We have BigQuery tables partitioned (sharded) by year (table_YYYY) into many tables having same schemas. The tables are huge (terabytes) and numerous(30+) (to build just one) and users do not need to select all the years usually only few of them, sometimes one only.
Users need to filter by year (filtering year dimension or via parameter/filter), potentially selecting multiple years (e.g., 2022, 2023).
I'm looking for the most efficient and maintainable way to achieve this in LookML.
Ideally, if a user selects years "2022,2023," the generated SQL should resemble:
SELECT * FROM table_2022
UNION ALL
SELECT * FROM table_2023
How can we accomplish this dynamic UNION behavior based on the filter selection?
We were playing with liquid parameters and templated filters but looks like with parameters user can only select one year (mono selection).
Hey - Great question!!
For this, we can use the wildcard query syntax.
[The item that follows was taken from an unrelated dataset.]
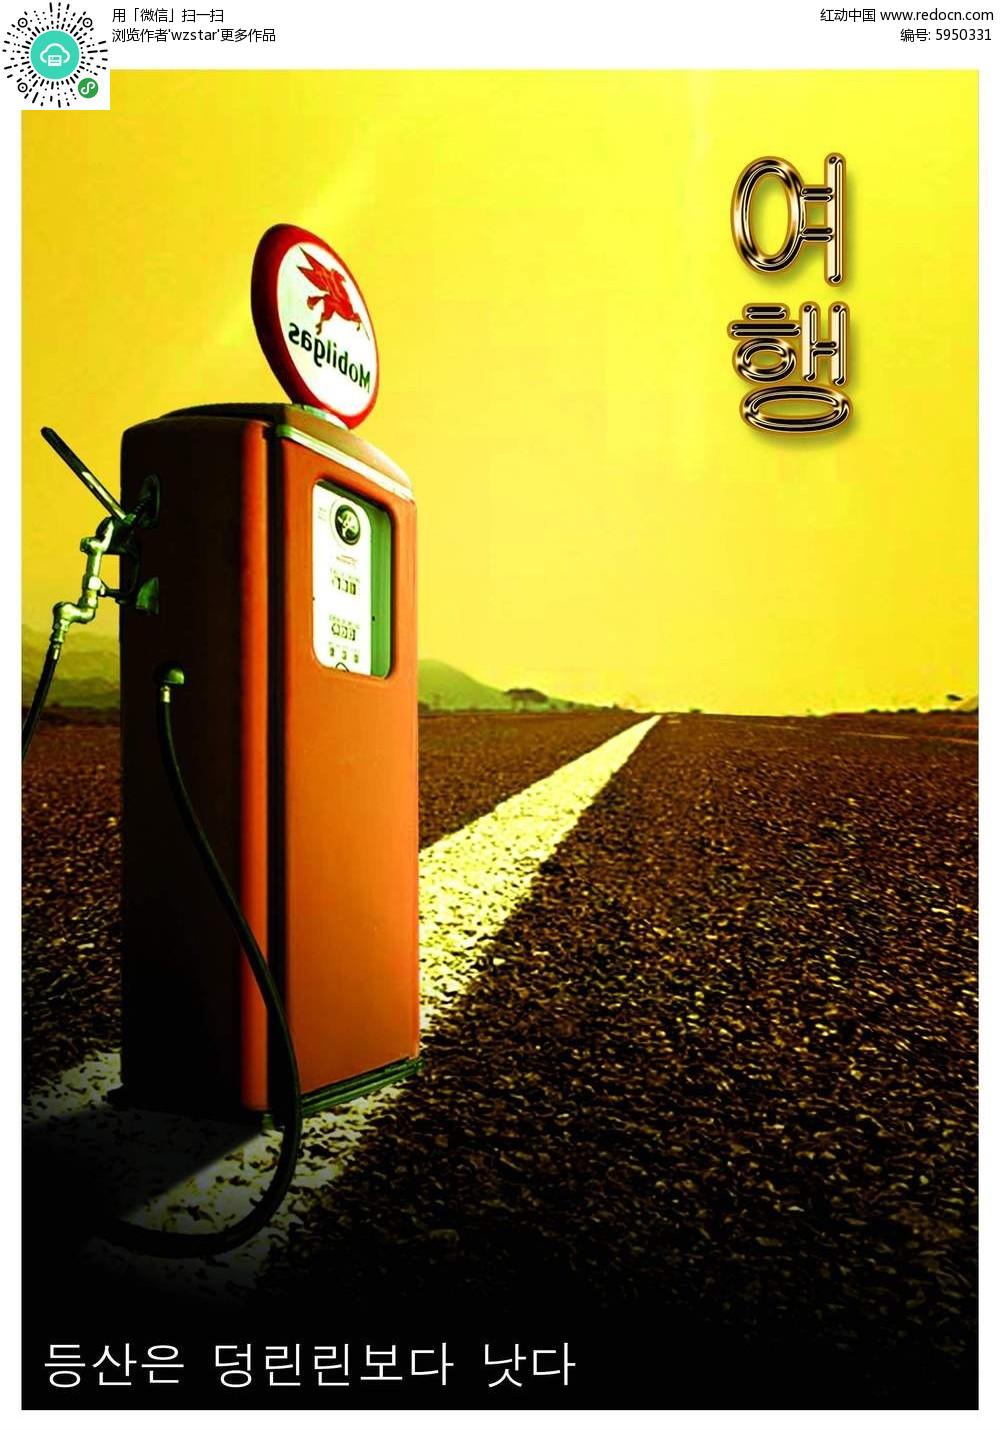 加油站海报设计

Now, we need to make sure that we only scan the dates that we need for our analysis using _TABLE_SUFFIX
We can set this up with a dimension_group to use as our filter, similar to the below which is based on _YYYYMMDD tables:
dimension_group: event {
type: time
timeframes: [date, week, day_of_week, month, year]
sql: TIMESTAMP(PARSE_DATE('%Y%m%d', REGEXP_EXTRACT(_TABLE_SUFFIX,r'\d\d\d\d\d\d\d\d'))) ;;
}
Hope this helps.
Regards,
Rob